Sometimes the market seems to have a will of its own, acting deliberately to confound the largest number of people possible. Just when everyone expects the market to plummet, for example, after a monumental event like the Brexit, it stages a rally and breaks out to new all-time highs. As upsetting as it is to lose money when the market falls, it can be almost as disconcerting to watch the market rocket up without you. You imagine everyone around you swimming in profits while you just stand there waiting for a chance to get in. If that’s you, first of all, take a deep breath because you are not alone. Very few people predicted the magnitude and speed of recent gains and according to a recent article in Reuters, investors are holding record amounts of cash in their portfolios. However, it is important to learn from the market and understand how to profit from its moves, even when those moves take you by surprise. Combine a knowledge of options with the ability to analyze equities fundamentally and technically and you won’t have to feel left behind in the future.

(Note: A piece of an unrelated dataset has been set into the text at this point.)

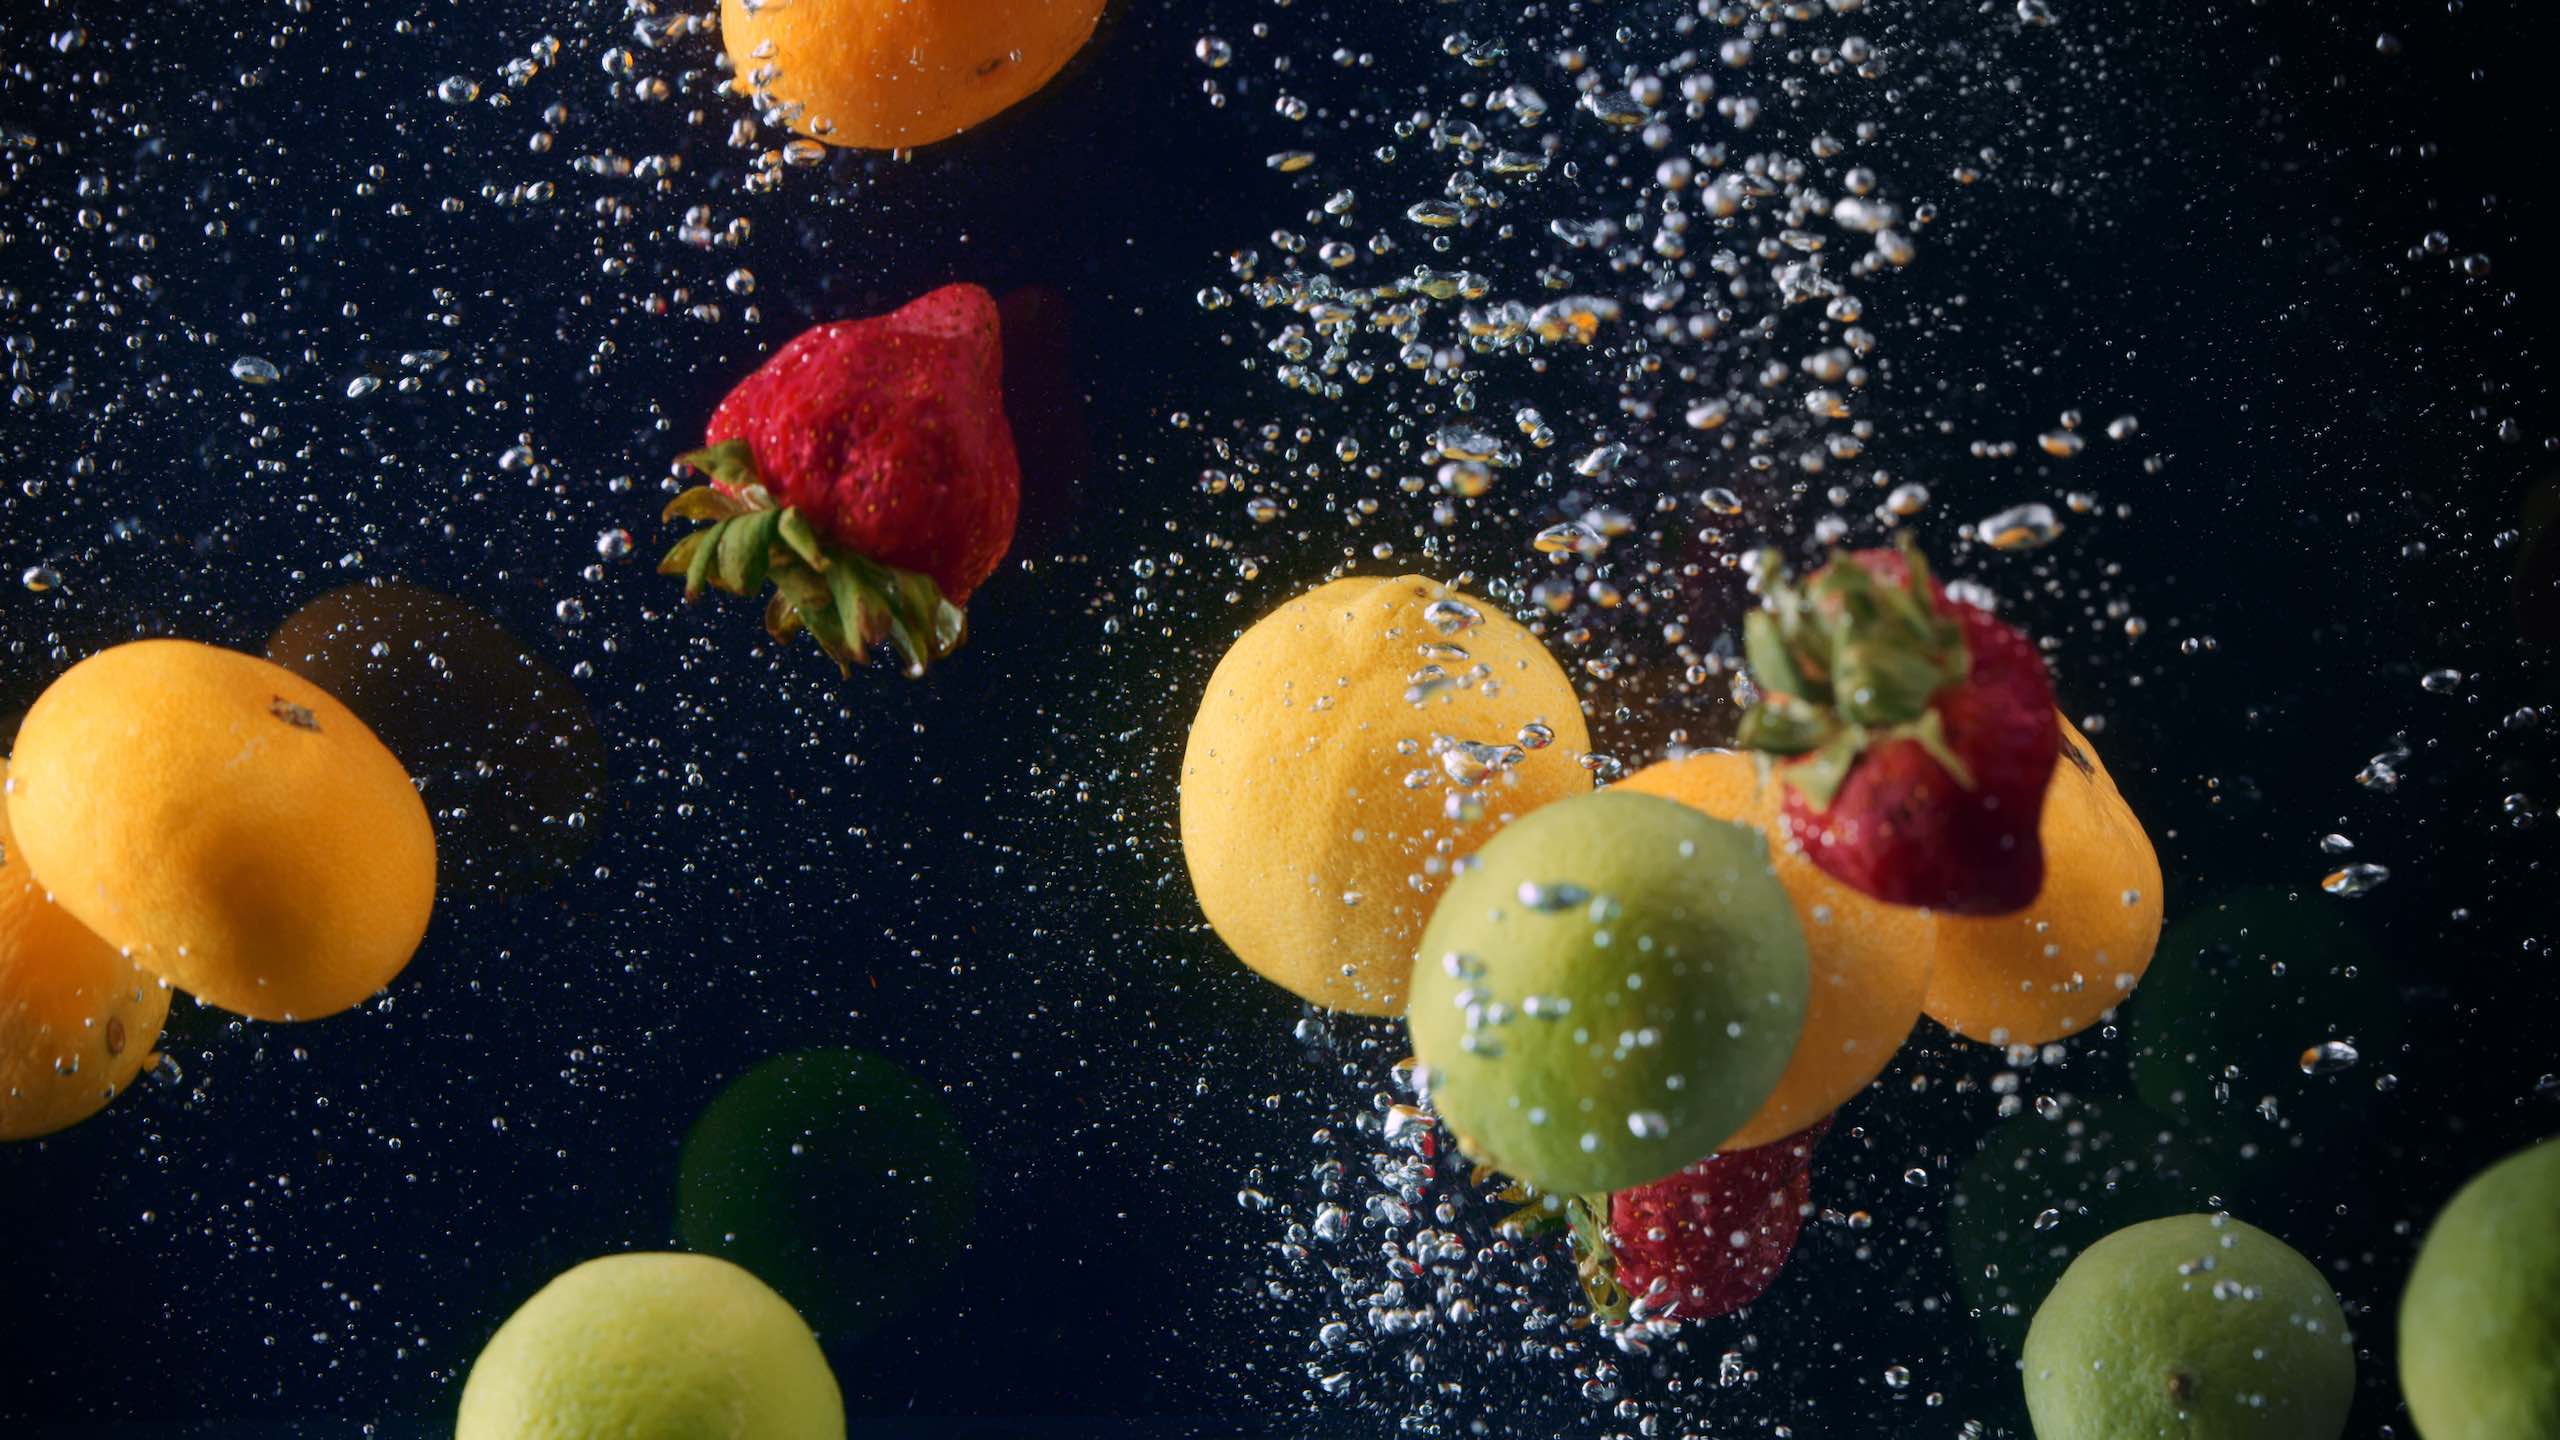 IU C&I Studios Portfolio Just water video ad Tangerines, strawberries and limes under water with bubbles.

The easiest way to avoid missing these unexpected rallies is to have some money invested at all times. Simply dollar cost average into a low-cost exchange traded fund like the SPY. Although at times this strategy will have you buying in when the market is high, you will also buy in at the lows. With a long enough time horizon you can take advantage of the fact that over the long haul, the market tends to rise. However, you do have to expect, and be prepared to endure, some violent drops as we experienced in 2000 and 2009. Part of my personal portfolio is dedicated to this strategy, and it has made good money for me over the years. A knowledge of options can make this strategy less frightening, as options provide many ways to protect your holdings when the market turns. However, that is a topic for another day.
The other way to make sure you don’t miss great opportunities is to combine a knowledge of equities with a knowledge of options. At OptionsAnimal, we put an emphasis on getting to know the securities you trade. We teach fundamental analysis in addition to technical and sentimental analysis and encourage our students to build a watch list of stocks they trade often and know inside and out. The benefit of this is that when the market falls, you already have your eye on great stocks which have suddenly become great values. It’s important to remember that when prices fall, many fundamental metrics improve. For example, when the price you pay decreases, the dividend percentage increases. As long as earnings haven’t changed, a price drop improves the PE ratio, as well as all the other price based ratios such as price to book. If you know your companies well, you can be there to latch on when the fundamentals make the full picture look attractive.
Of course, it’s still frightening to jump in when the market is falling, and everyone seems to be predicting doom and gloom. That’s where options can help. You can use them to limit the risk, even as you take advantage of the upside. The married put provides a simple example. By adding a protective put to your stock buy, you can benefit from the unlimited upside potential, and limit your downside risk. Additional strategies such as collars, calendars and diagonals can similarly help you participate in a rising market with limited risk. In short, the more tools you have in your toolkit, the better able you are to capitalize on opportunities when they arise.